Лука давно заметил: многие женщины на утилизационном заводе бездетны, хотя живут жадно, расточительно, тянутся к любви с той же острой тоской, с какой тянутся к ней чахоточные, обреченные болезнью на смерть. Он не понимал, почему бездетны Дашка, Ванда, Гладилиха. А Лифшиц объяснил, и объяснил толково, просто и бесспорно: жить становится все трудней, борьба за существование острее; чем больше у рабочего семья, тем труднее ему сводить концы с концами.
— Вот они и понуждают женщин к абортам, калечат их.
Что такое аборт, Лука не знал, но слово это запомнил, чтобы потом, когда все разойдутся, заглянуть в энциклопедический словарь Павленкова — его настольную книжку.
Свет бледной керосиновой лампы чеканил на стене тени, умножал их. Казалось, у стены стоит безликая толпа, напряженно слушает, взмахивает сжатыми кулаками.
В ласковый, запоминающийся говорок Лифшица ворвался голос отца. Отец сказал:
— В листовке надо крупно набрать слова Ленина о том, что «нашему поколению тяжелее, чем нашим отцам», но «мы боремся лучше, чем наши отцы. Наши дети будут бороться еще лучше, и они победят». Вот для чего нужны нам дети! — несколько раз воскликнул механик. — Они дружнее, решительнее будут бороться против каторжной жизни. И победят, если не победим мы, отцы. Понял, Лука, для чего живешь? — повернулся он к сыну.
Лука впервые видел отца в таком возбуждении.

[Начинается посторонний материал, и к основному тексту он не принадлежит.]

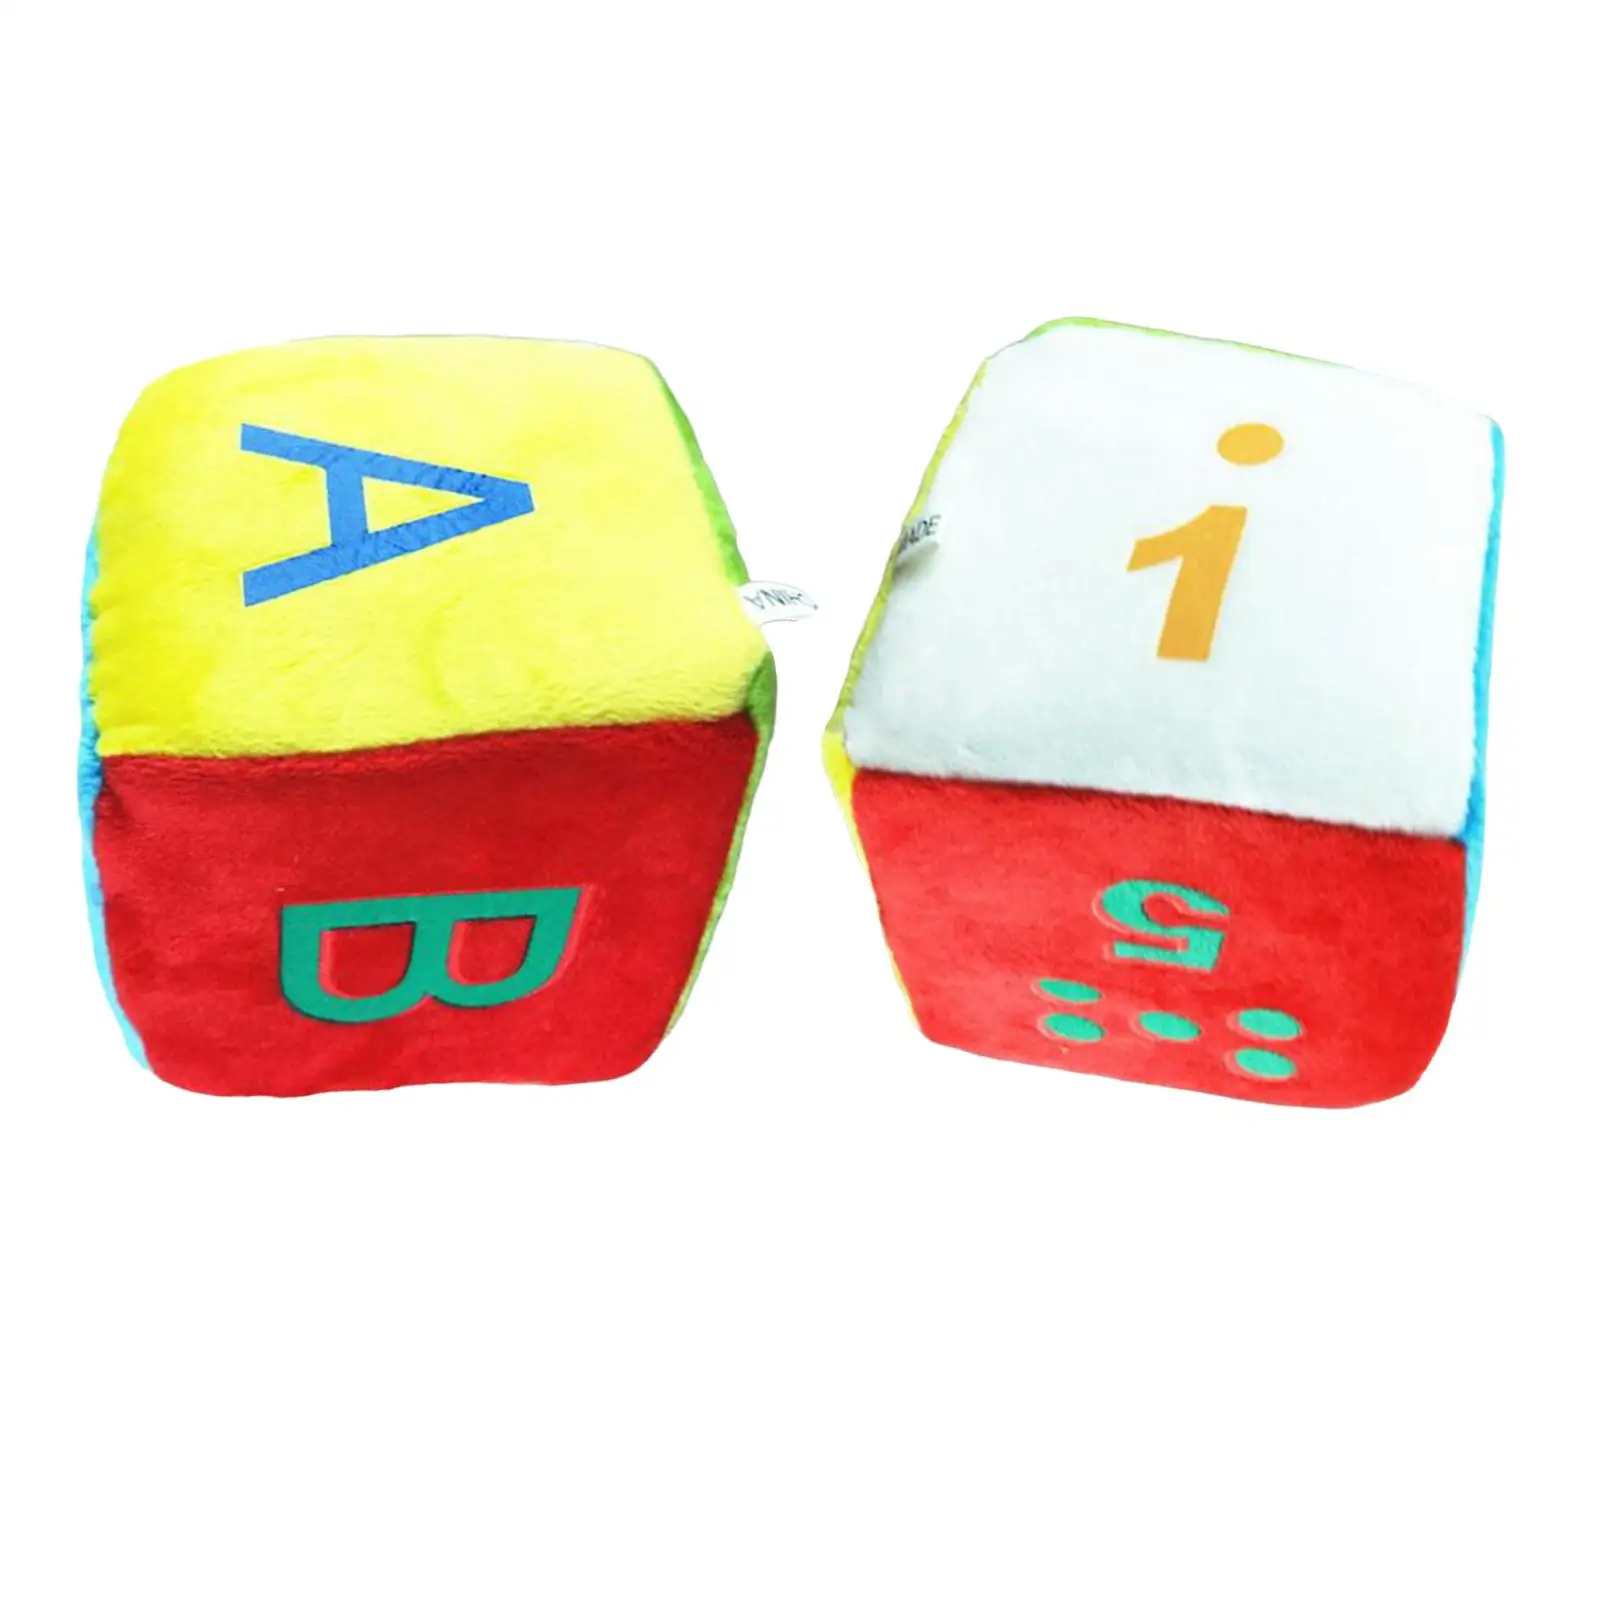 

10cm Dices Toys Soft Plush Early Educational Toys for Classrooms Home Party Favors Playing Games Holiday

Видно, разговор радовал его сердце. Он подошел к сыну, положил на его плечо тяжелую руку, спросил:
— Понял, для чего топчешь землю?
Лука понимал.
Огонь в лампе несколько раз подпрыгнул, сильней запахло керосиновой гарью. Легкой, звериной походкой кто-то дважды прошел под окном.
— Ну, бувай! Ходят, черти, подслушивают, засматривают в самую душу.

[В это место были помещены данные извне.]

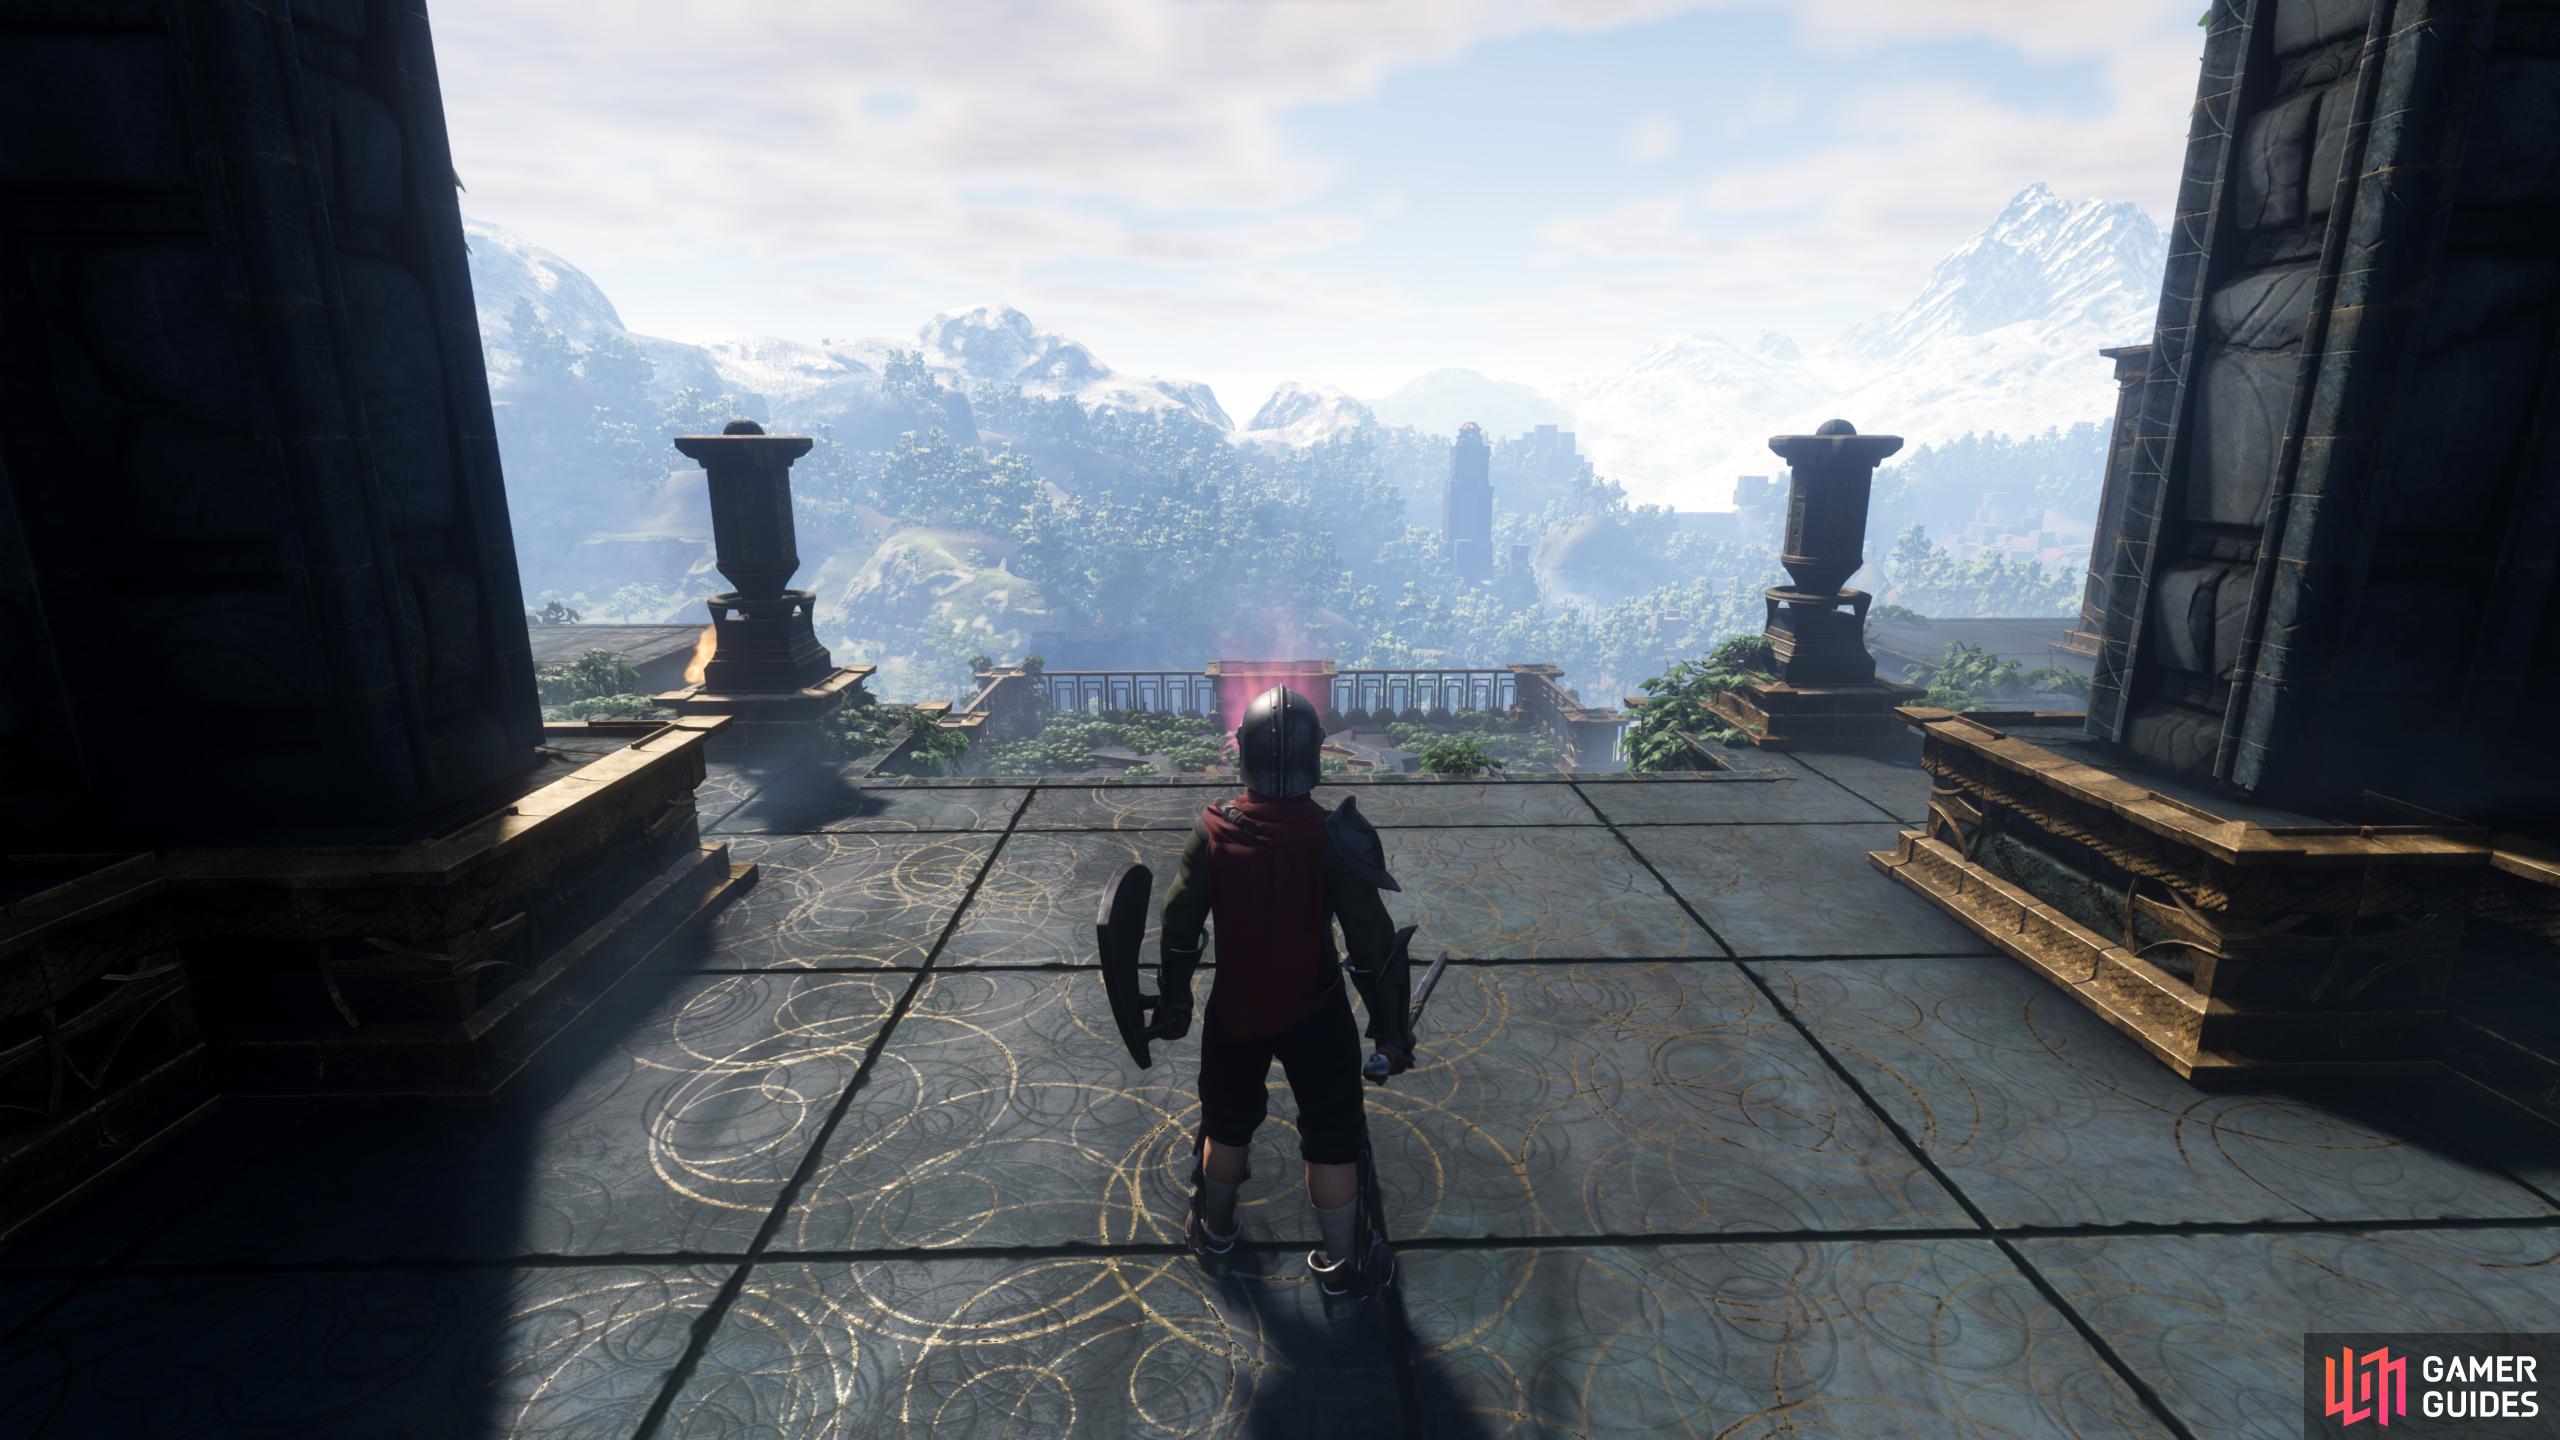 The view from the top of an Ancient Spire is breathtaking.

Рабочие пожали друг другу руки и вышли, под их удалявшимися шагами зашуршали шелковые опавшие листья.
Лука лег, но долго не мог уснуть, часто отрывал голову от подушки и каждый раз видел освещенное лампой лицо отца, склоненное над листком бумаги на столе. Механик писал буквами, напоминавшими печатные, ставя их отдельно друг от друга. Лука помнил: в классе за такой почерк Кольке Коробкину учитель поставил двойку. Отец черкал написанное, потом снова писал, что-то отыскивал в книжках, старательно переписывал. Перед рассветом, собрав написанные листки, он натянул на себя рабочее платье и ушел — видно, к себе, в машинное отделение.

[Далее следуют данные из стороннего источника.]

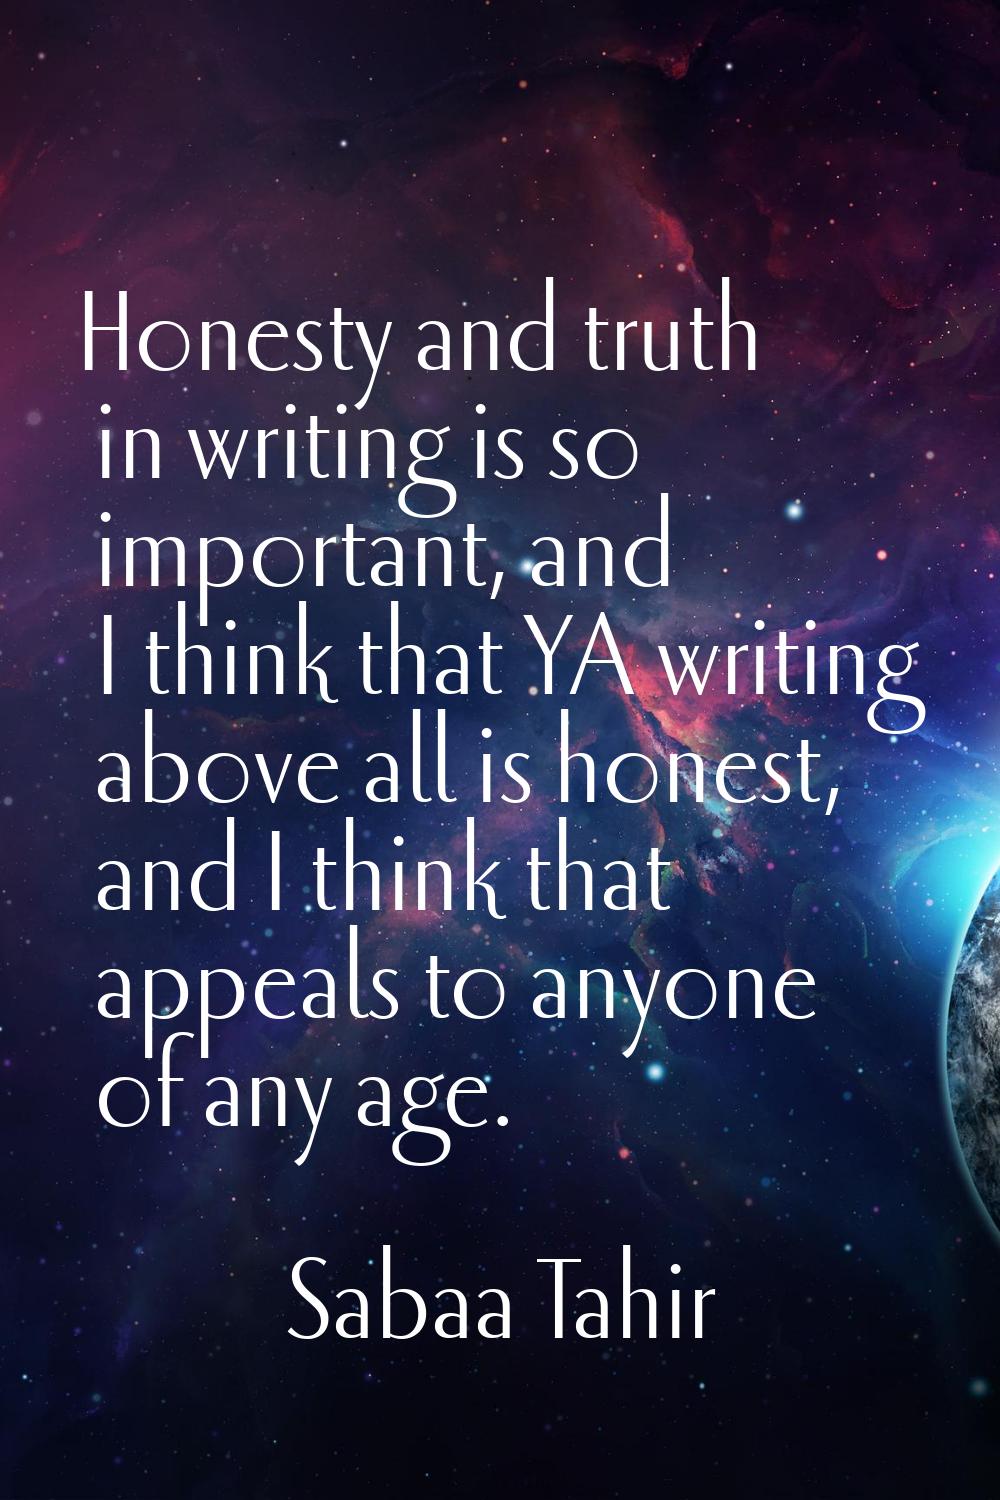 Honesty and truth in writing is so important, and I think that YA writing above all is honest, and

Через день вечером он сказал сыну:
— Напросился ты в помощники — что ж, помогай рушить твердыню самодержавия, парень ты шустрый. — Отец вытащил из-под стола кипу свежих листовок. — Эти рецепты надо расклеить на заборах по Державинской улице, а если удастся, то и на чулочной фабрике. Только полиции не попадайся, а угодишь в участок — молчок, ничего не говори, даже чей ты есть. Отвечай — мамкин! Не боишься?
— Нет.
Лука взял листовку, внимательно прочел ее. В ней было напечатано все то, о чем говорилось вчера за чаем, но только выражено проще, короче, понятней.
Ночью, сунув в карман единственную свою игрушку — пистолет, вырезанный из дерева, Лука взял банку с клейстером и ушел на Державинскую улицу.